Forbearance may be granted to customers who are exiting their grace period to provide additional time to obtain employment and income to support their obligations, or to current customers who are faced with a hardship and request forbearance time to provide temporary payment relief. In these circumstances, a customer’s loan is placed into a forbearance status in limited monthly increments and is reflected in the forbearance status at month-end during this time. At the end of their granted forbearance period, the customer will enter repayment status as current and is expected to begin making their scheduled monthly payments on a go-forward basis.

Forbearance may also be granted to customers who are delinquent in their payments. In these circumstances, the forbearance cures the delinquency and the customer is returned to a current repayment status. In more limited instances, delinquent customers will also be granted additional forbearance time.

The table below reflects the historical effectiveness of using forbearance. Our experience has shown that three years after being granted forbearance for the first time, 66 percent of the loans are current, paid in full, or receiving an in-school grace or deferment, and 20 percent have defaulted. The default experience associated with loans which utilize forbearance is considered in our allowance for loan losses. The number of loans in a forbearance status as a percentage of loans in repayment and forbearance increased to 3.7 percent in the first quarter of 2014 compared with 3.4 percent in the year-ago quarter. As of March 31, 2014, one percent of loans in current status were delinquent as of the end of the prior month, but were granted a forbearance that made them current as of March 31, 2014 (customers made payments on approximately 34 percent of these loans as a prerequisite to being granted forbearance).

Tracking by First Time in Forbearance Compared to All Loans Entering Repayment —

Portfolio data through March 31, 2014

Status distribution
36 months after
being granted
forbearance
for the first time
Status distribution
36 months after
entering repayment
(all loans)
Status distribution
36 months after
entering repayment for
loans never entering
forbearance

In-school/grace/deferment

9.8 % 9.1 % 5.5 %

Current

51.2 59.9 67.7

Delinquent 31-60 days

3.1 2.0 .4

Delinquent 61-90 days

1.9 1.1 .1

Delinquent greater than 90 days

4.7 2.7 .3

Forbearance

3.8 3.0

Defaulted

20.2 11.4 7.6

Paid

5.3 10.8 18.4

Total

100 % 100 % 100 %

The tables below show the composition and status of the Private Education Loan portfolio aged by number of months in active repayment status (months for which a scheduled monthly payment was due).

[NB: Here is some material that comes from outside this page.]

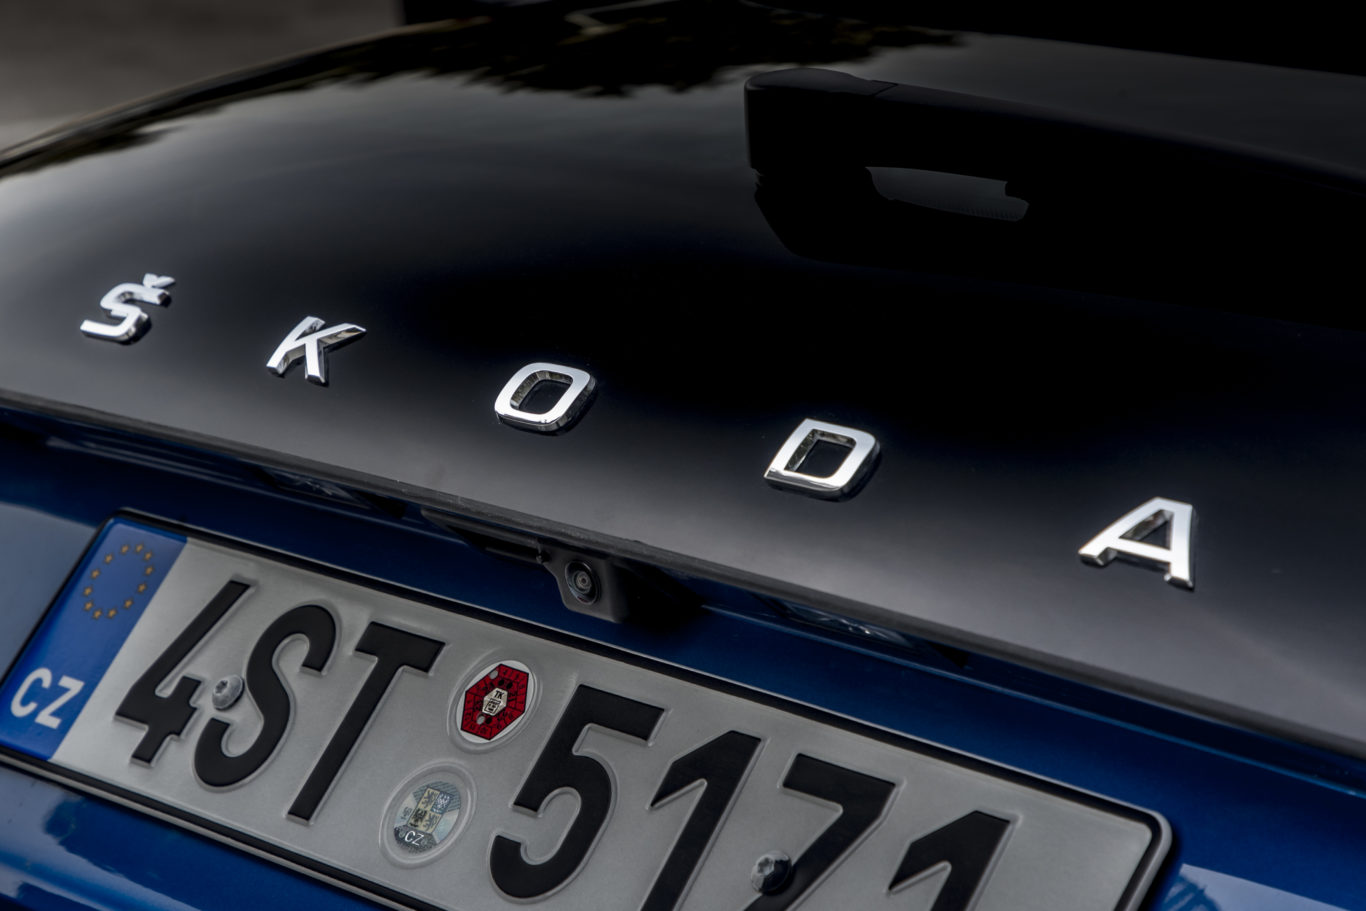 The Scala is the first Skoda to receive a brand badge on the boot

As indicated in the tables, the percentage of loans that are delinquent greater than 90 days or that are in forbearance status decreases the longer the loans have been in active repayment status.

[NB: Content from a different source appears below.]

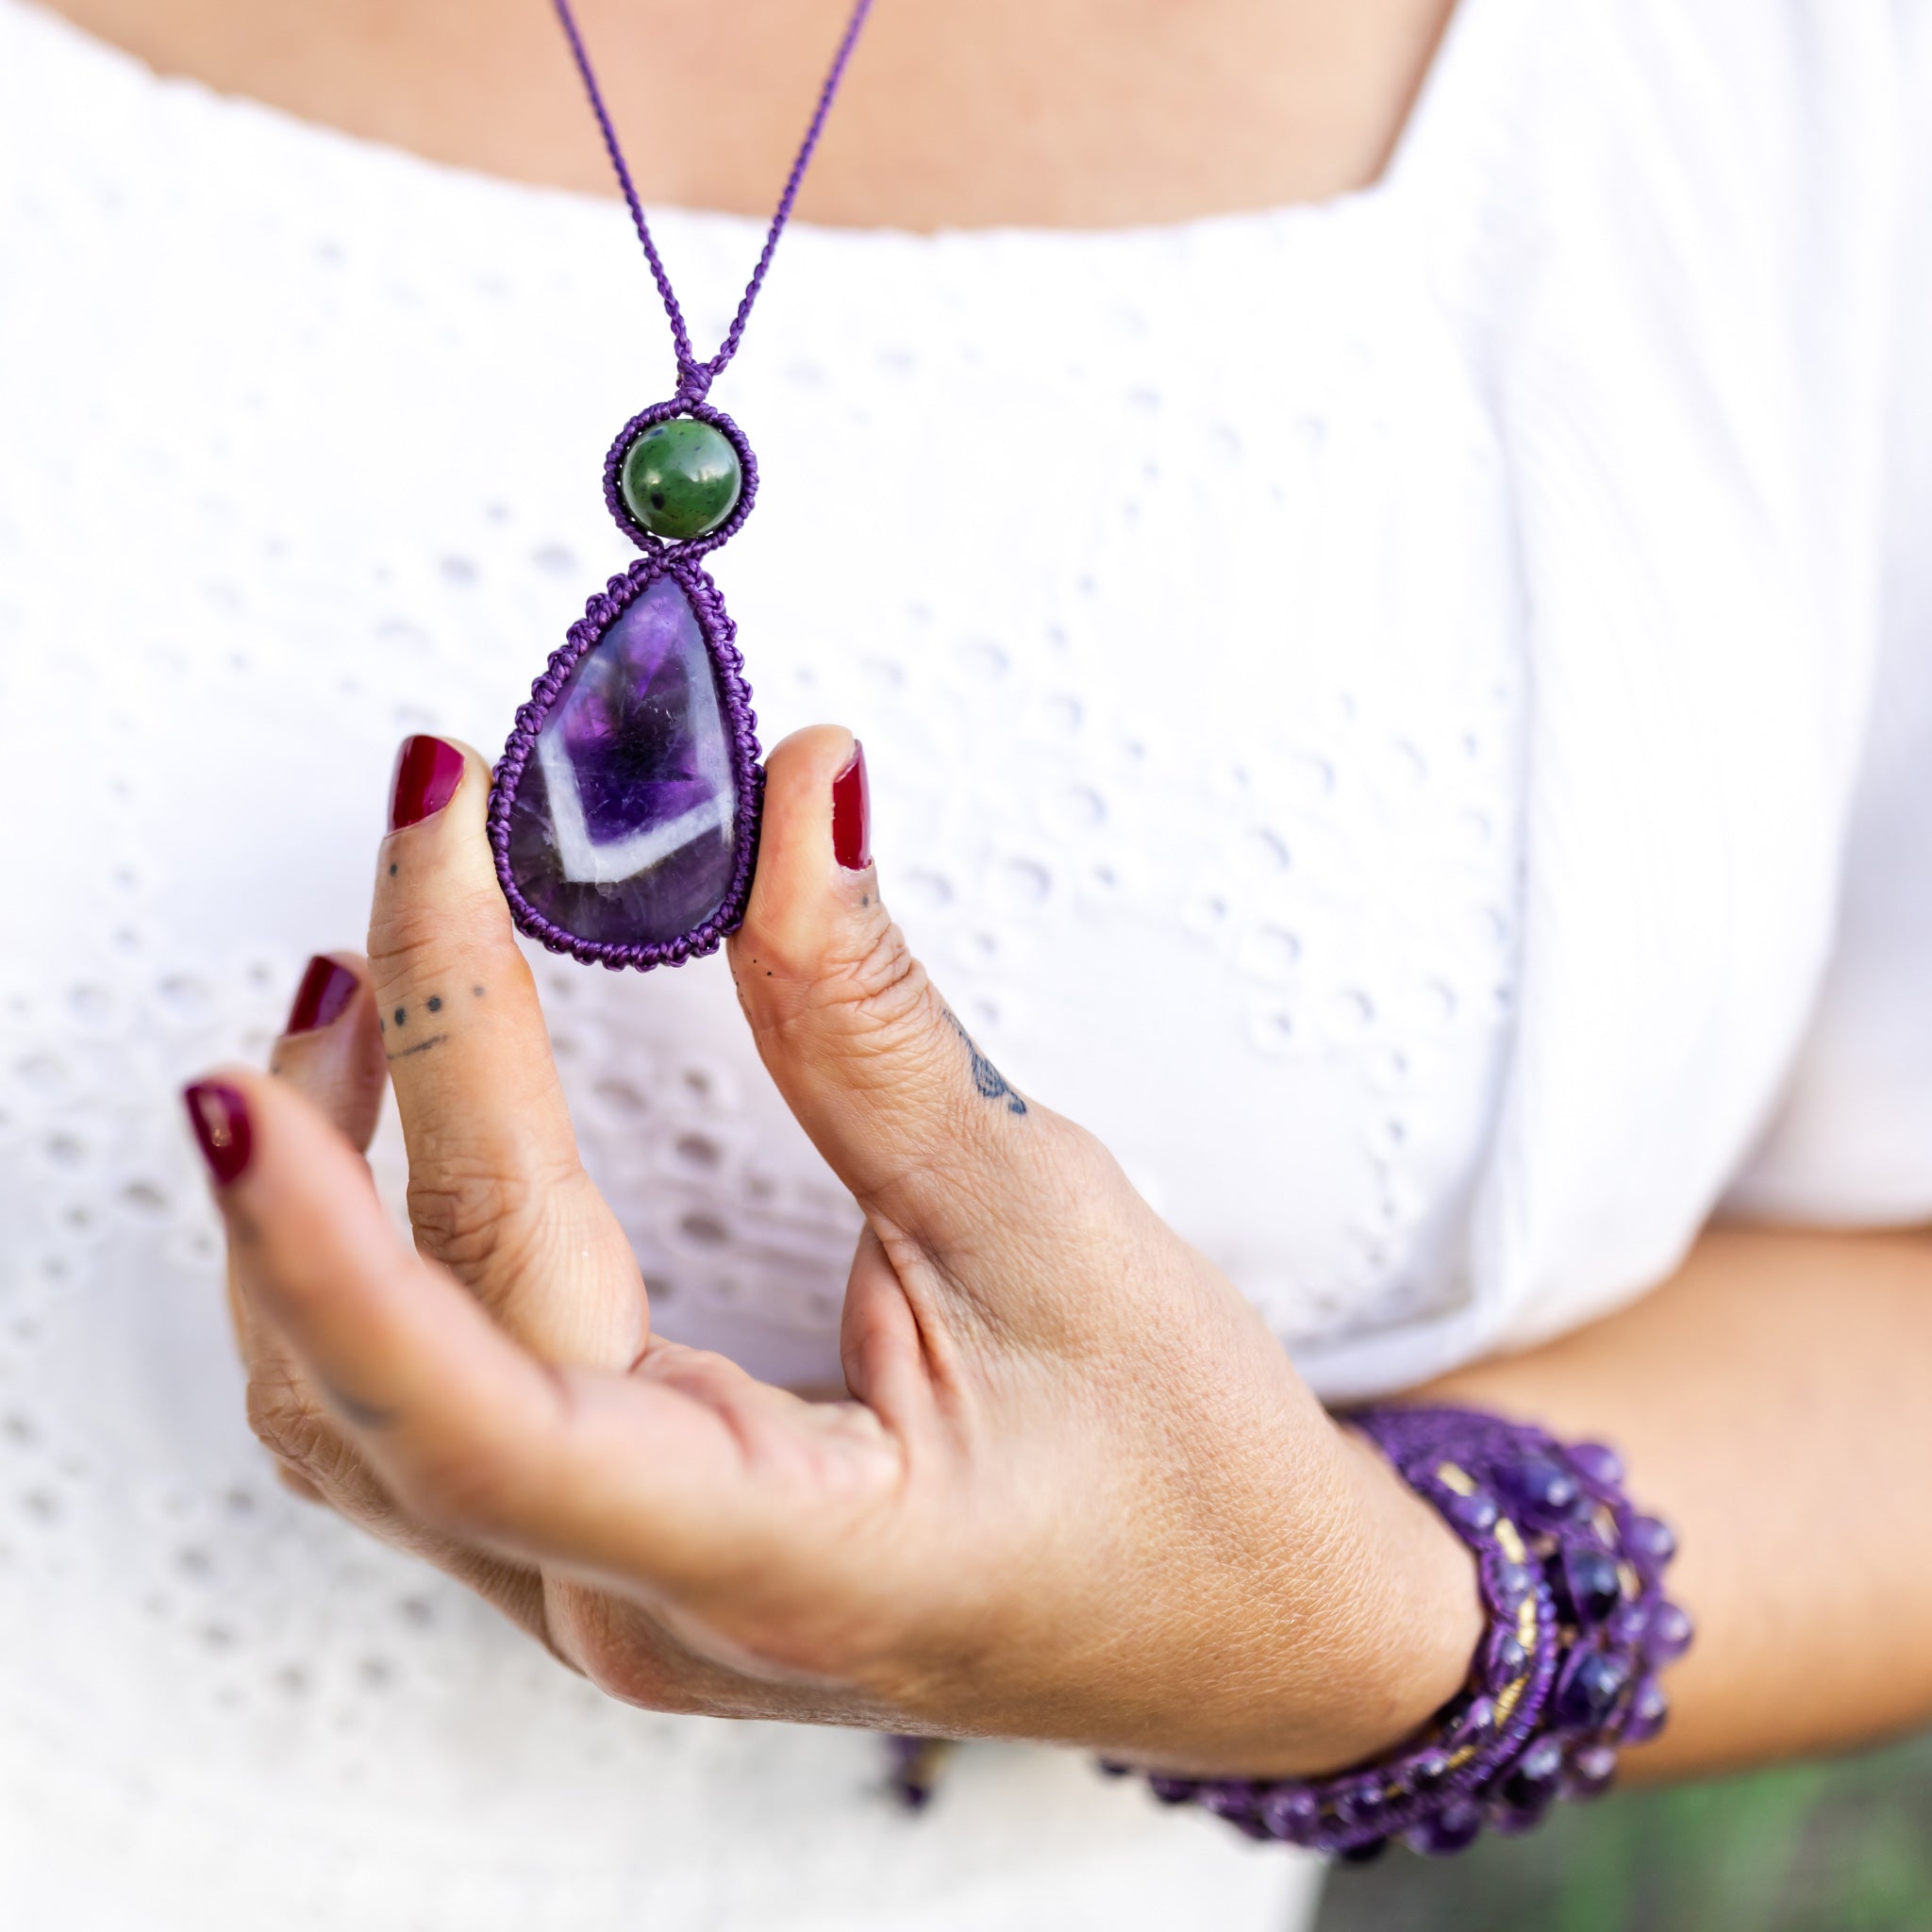 Mystic Duet necklaces are a combination of two gemstones crystals, for healing, astrological signs and beauty

At March 31, 2014, loans in forbearance status as a percentage of loans in repayment and forbearance were 7.2 percent for loans that have been in active repayment status for less than 25 months. The percentage drops to 1.3 percent for loans that have been in active repayment status for more than 48 months. Approximately 63 percent of our Private Education Loans in forbearance status has been in active repayment status less than 25 months.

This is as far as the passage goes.